Там царил беспорядок. На крыльцо поднимался худощавый светловолосый человек, в котором Френсис узнал лорда Дакра. Проскользнувший мимо Ловелла мужчина носил Узел Стаффордов, эмблему юного Гарри Стаффорда, герцога Бэкингема. Вдоль двора двигался граф Эссекс, при виде которого Френсиса подхватила волна радости от того, что английские лорды с готовностью собрались по просьбе Эдварда. Не важно, как могли они презирать семейство Вудвиллов, знать до сих пор хранила верность королю, подумал Френсис, обернувшись затем, когда его окликнули по имени.


К нему торопилась Анна Невилл. 'Френсис, приближается внушительное войско! У сторожки мне сказали, оно исчисляется сотнями солдат!'


'Знаю'.


Анна схватила Френсиса за руку: 'Они находятся на определенном расстоянии от нас, поэтому я не могу быть уверена... Только, Френсис, на штандарте, реющем по ветру, Белый вепрь.
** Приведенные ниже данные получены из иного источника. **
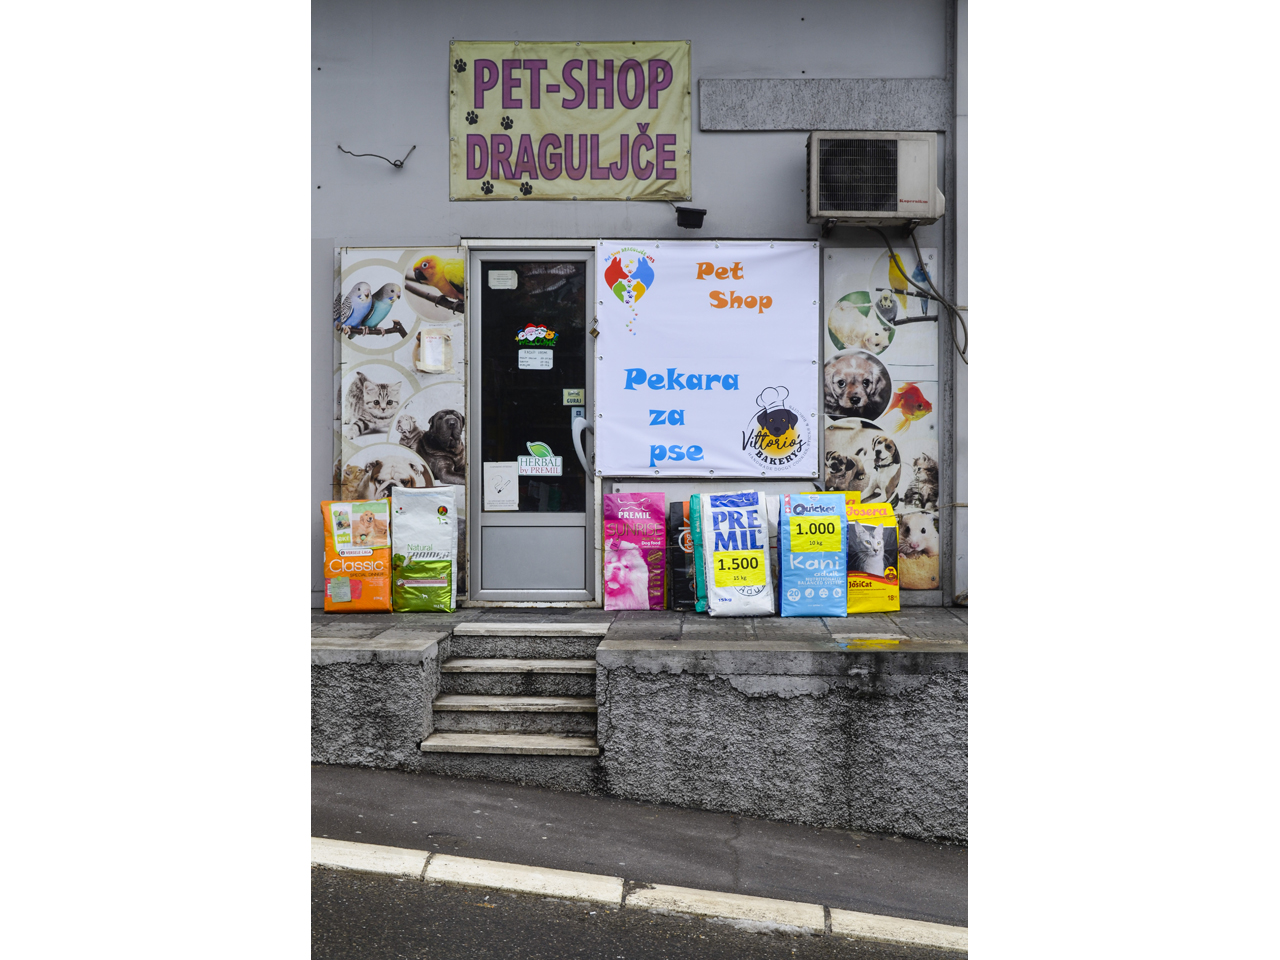 DRAGULJCE PET SHOP AND BAKERY FOR DOGS JMS Pets, pet shop Belgrade - Photo 1
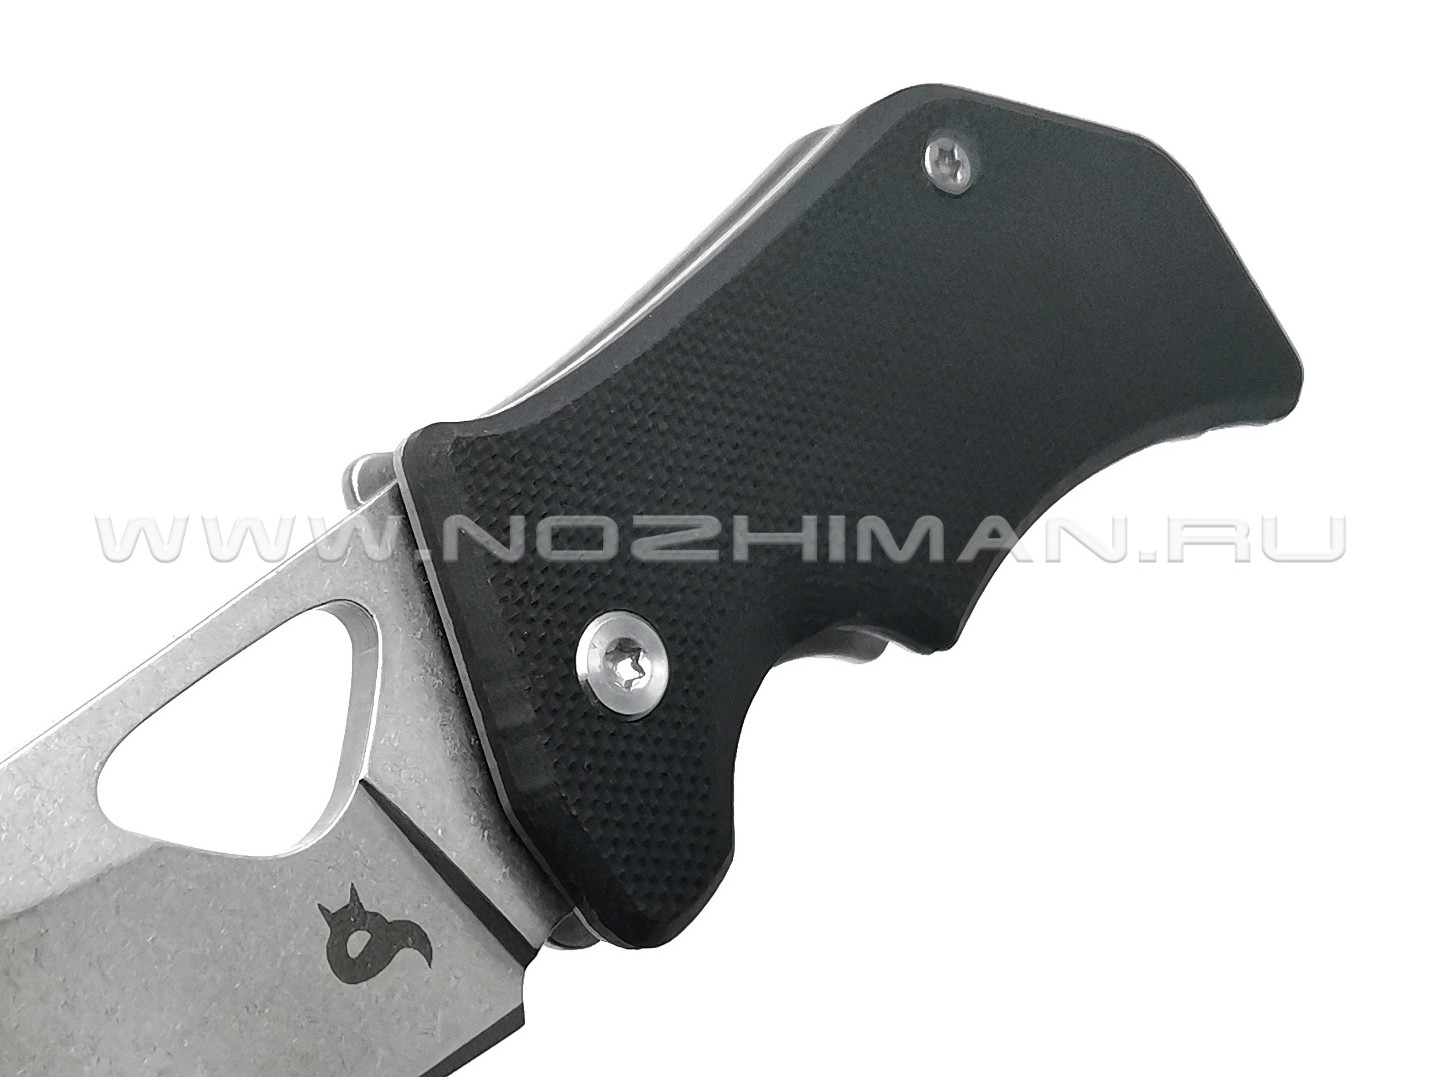 Нож Fox Kit BF-752 сталь 440C, рукоять G10 black

Белый Вепрь'.


Он кивнул, и ладонь девушка соскользнула с его рукава.


'Я знала... Даже до того, как увидела знамя Ричарда, я знала', прошептала она, а Френсис смог лишь снова кивнуть.


В течение прошедшего года Анна вошла во вкус исключительного использования данного кузену при рождении имени. Френсис не находил в себе сил сопротивляться желанию поддразнить ее. 'Почему одна ты предпочитаешь имя Ричард, когда все остальные зовут его Диконом?'


Она посмеялась над ним. 'У тебя так плохо с воображением? Именно потому, что другие называет его Диконом!'


Пока Френсис вспоминал тот разговор, Анна добавила: 'Я не могу встретиться с ним'.


'Анна, это нечестно. Не думал, что ты тоже станешь корить Дикона за верность брату. Только не ты, так хорошо его знающая'.


Темные глаза расширились. 'Я не корю. Бог - свидетель, не корю!'


'Если отказываешься увидеться с ним, то вынуждаешь его поверить в противное'.


Она покачала головой. 'Не могу, Френсис'. Голос задрожал. 'Не могу'. Затем Анна вскрикнула, потому что он в первый раз полностью повернулся к ней лицом, и девушка заметила кровь, струящуюся из уголка рта.


'Френсис, ты ранен! Что произошло?'


'Твой отец меня ударил', ответил он, не успев подумать, и сразу пожелал вернуть слова назад, ибо Анна выглядела такой пораженной, словно это она получила ту пощечину.


'Кажется, мир сошел с ума,' задохнулась девушка и, прежде чем Френсис сумел ответить, повернулась, бегом направившись через двор к помещениям в южном крыле замка. По дороге она споткнулась и невидяще столкнулась с шедшими ей навстречу. Френсис знал, что Анна была в слезах.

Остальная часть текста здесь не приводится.